Distraught audience members were hustled out of the stadium, and the park was immediately closed.
Veteran trainer Dawn Brancheau, 40, was one of the park's most experienced. It wasn't clear if she drowned or died from the thrashing.
SeaWorld spokesman Fred Jacobs confirmed the whale was Tilikum, one of three orcas blamed for killing a trainer who lost her balance and fell in the pool with them in 1991 at Sealand of the Pacific in Victoria, British Columbia.
Tilikum was also involved in a 1999 death, when the body of a man who had sneaked by Orlando SeaWorld security was found draped over him. The man either jumped, fell or was pulled into the frigid water and died of hypothermia, though he was also bruised and scratched by Tilikum.
A retired couple from Michigan told The Associated Press that Wednesday's killing happened as a noontime show was winding down, with some in the audience staying to watch the animals and trainers.
Eldon Skaggs, 72, said Brancheau was on a platform with the whale and was massaging it. He said the interaction appeared leisurely and informal.
Then, Skaggs said, the whale "pulled her under and started swimming around with her."
Skaggs said an alarm sounded and staff rushed the audience out of the stadium as workers scrambled around with nets.
Skaggs said he heard that during an earlier show the whale was not responding to directions. Others who attended the earlier show said the whale was behaving like an ornery child.
The couple left and didn't find out until later that the trainer had died.
"We were just a little bit stunned," said Skaggs' wife, Sue Nichols, 67.
Another audience member, Victoria Biniak, told WKMG-TV the whale "took off really fast in the tank, and then he came back, shot up in the air, grabbed the trainer by the waist and started thrashing around, and one of her shoes flew off."
But Jim Solomons of the Orlando County Sheriff's Office said Brancheau slipped or fell into the whale's tank, which seemed to contradict Biniak's description.
Authorities provided few immediate details. SeaWorld in San Diego also suspended its killer whale show after Brancheau's death. It is not clear if the killer whale show has been suspended at SeaWorld's San Antonio location, which is closed until the weekend.
According to a profile of Brancheau in the Orlando Sentinel in 2006, she was one of SeaWorld Orlando's leading trainers. It was apparently a trip to SeaWorld at age 9 that made her want to follow that career path.
"I remember walking down the aisle (of Shamu Stadium) and telling my mom, 'This is what I want to do,'" she said in the article.
Brancheau worked her way into a leadership role at Shamu Stadium during her 12-year career with SeaWorld, starting at the Sea Lion & Otter Stadium before spending the past 10 years working with killer whales, the newspaper said.
She also addressed the dangers of the job.
"You can't put yourself in the water unless you trust them and they trust you," Brancheau said.
Steve McCulloch, founder and program manager at the Marine Mammal Research and Conservation Program at Harbor Branch/Florida Atlantic University, said the whale may have been playing, but it is too early to tell.

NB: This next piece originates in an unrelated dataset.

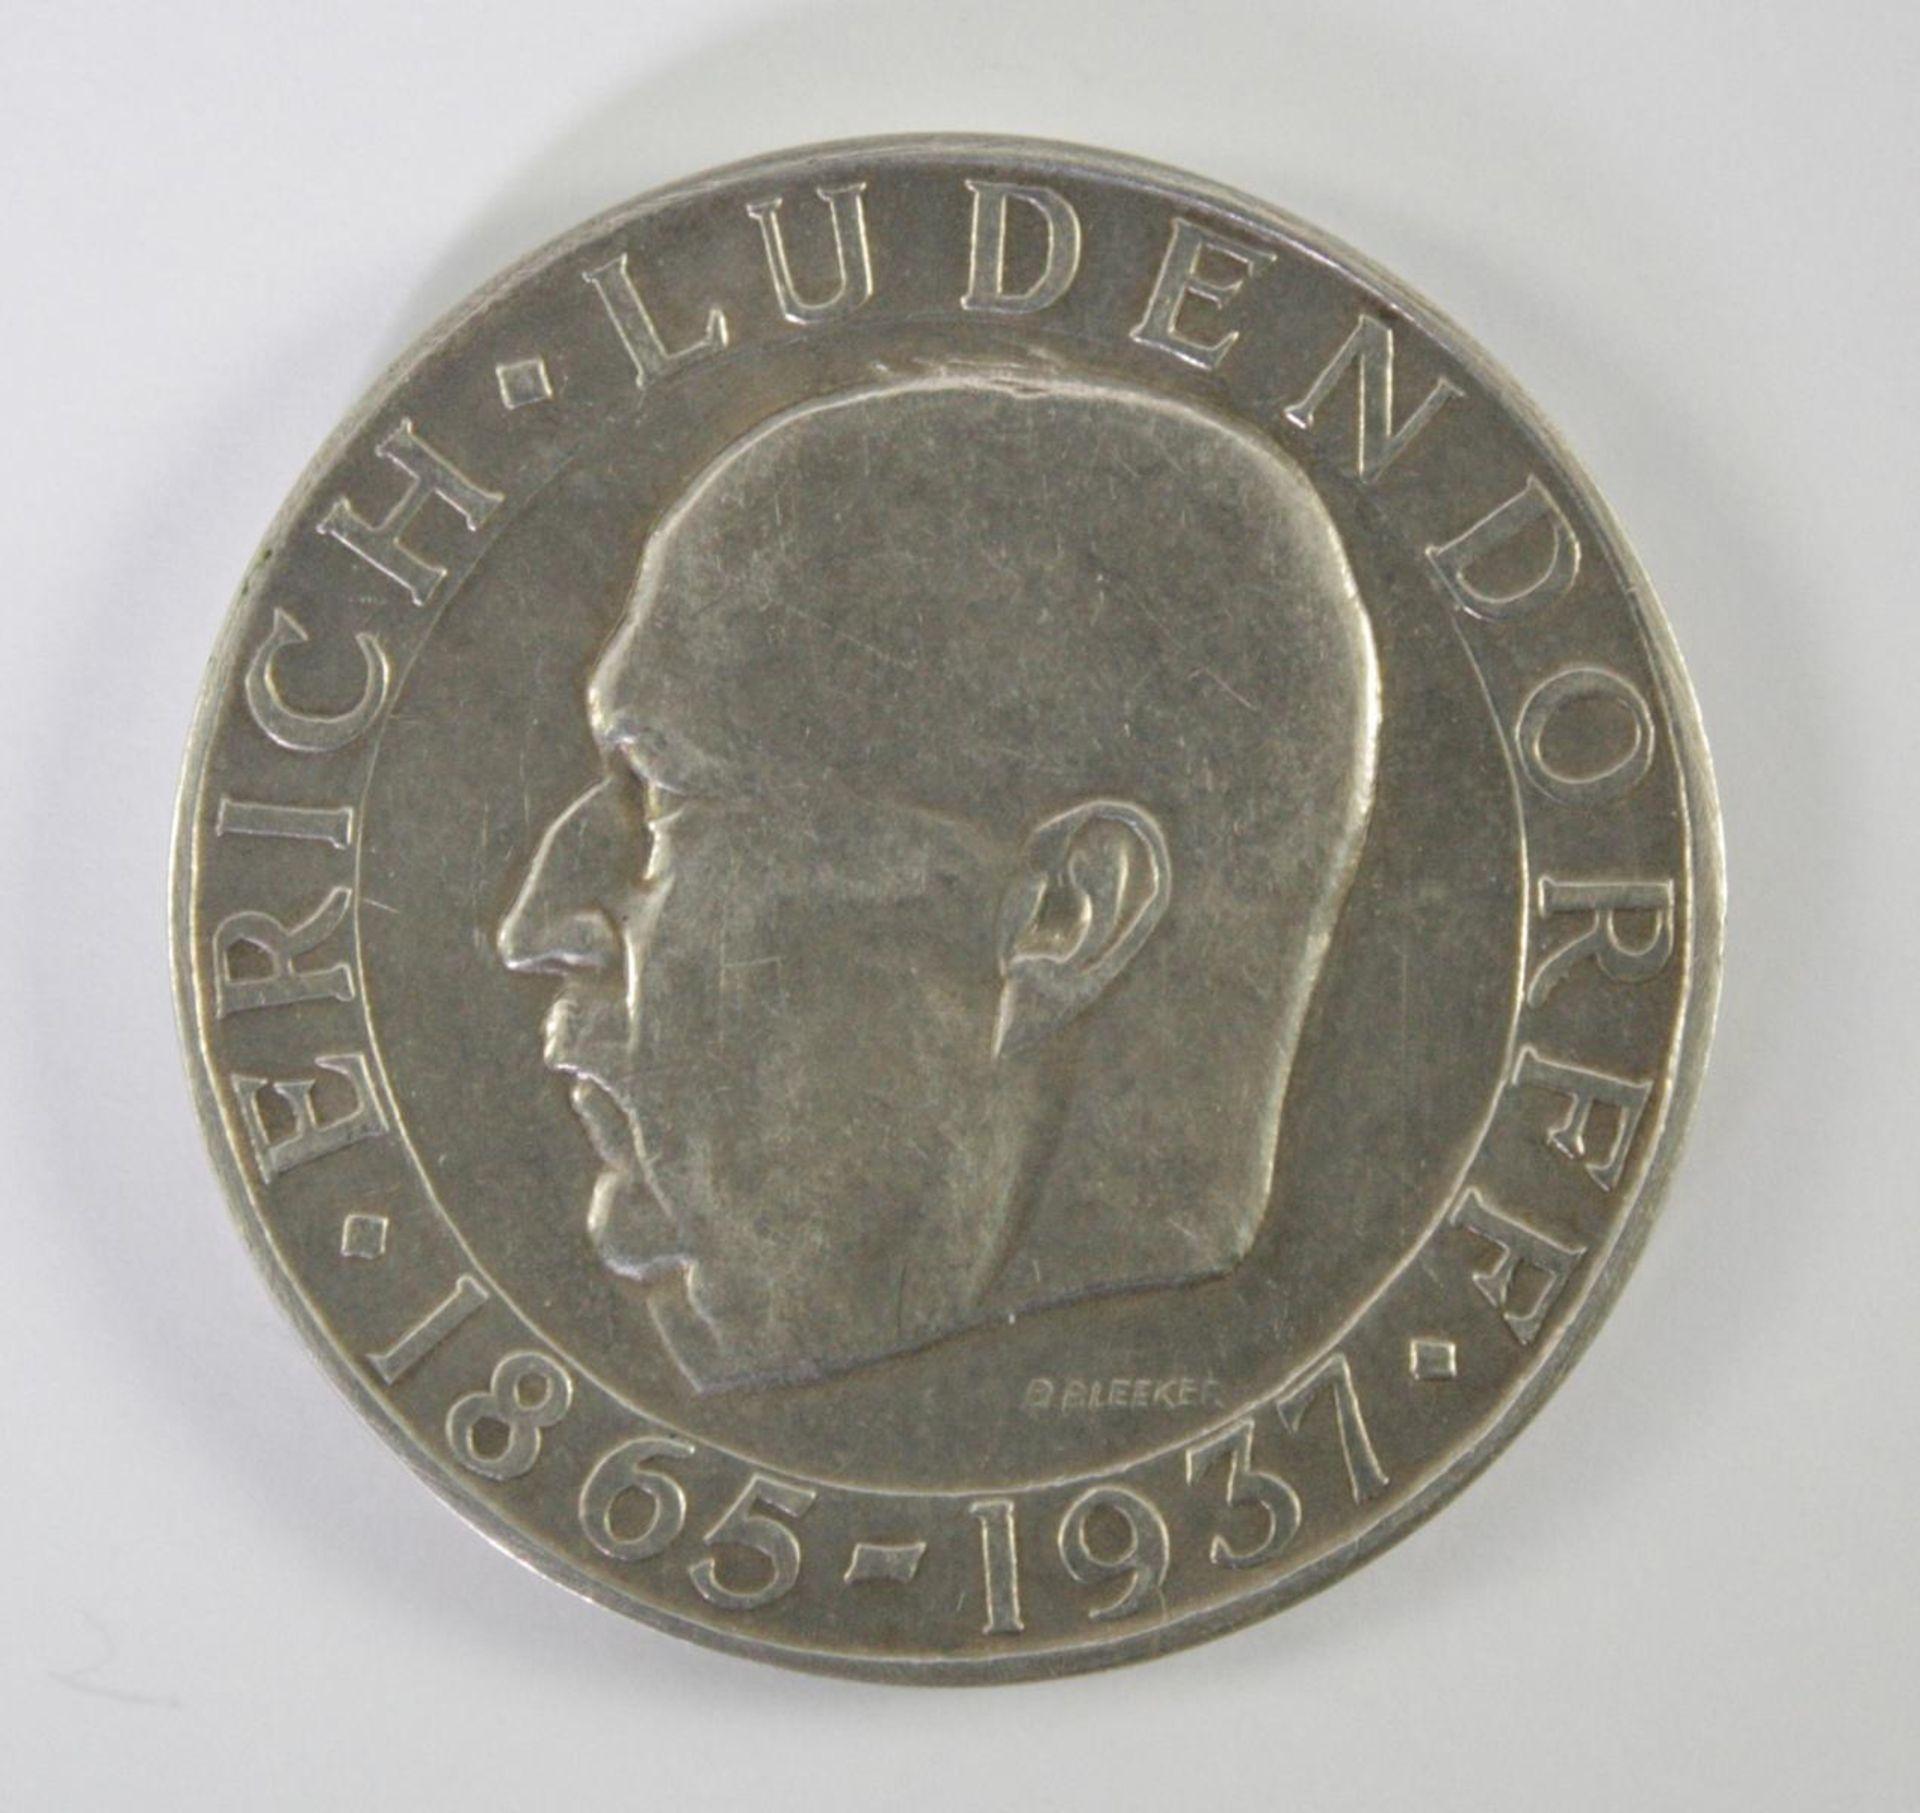 Silbermedaille, Erich Ludendorff 1865-1937

"I wouldn't jump to conclusions," he said. "These are very large powerful marine mammals. They exhibit this type of behavior in the wild.
"Nobody cares more about the animal than the trainer. It's just hard to fathom that this has happened."
Mike Wald, a spokesman for the Occupational Safety and Health Administration office in Atlanta, said his agency had dispatched an investigator from Tampa.
Wednesday's death was not the first attack on whale trainers at SeaWorld parks.
In November 2006, a trainer was bitten and held underwater several times by a killer whale during a show at SeaWorld's San Diego park.
The trainer, Kenneth Peters, escaped with a broken foot. The 17-foot orca that attacked him was the dominant female of SeaWorld San Diego's seven killer whales. She had attacked Peters two other times, in 1993 and 1999.
In 2004, another whale at the company's San Antonio park tried to hit one of the trainers and attempted to bite him. He also escaped.
In December, a whale drowned a trainer at a Spanish zoo.
Then there was the July 1999 incident at the Orlando SeaWorld, when the body of a naked man was found draped over Tilikum.
Daniel Dukes reportedly made his way past security and remained in the park after it had closed. Wearing only his underwear, he ended up in the frigid water of Tilikum's huge tank.
An autopsy ruled that he died of hypothermia in the 50-degree water. But officials also said it appeared Tilikum bit the man and tore off his swimming trunks, likely believing he was a toy to play with.
Dukes' parents filed a lawsuit against the park later that year but ended up withdrawing it.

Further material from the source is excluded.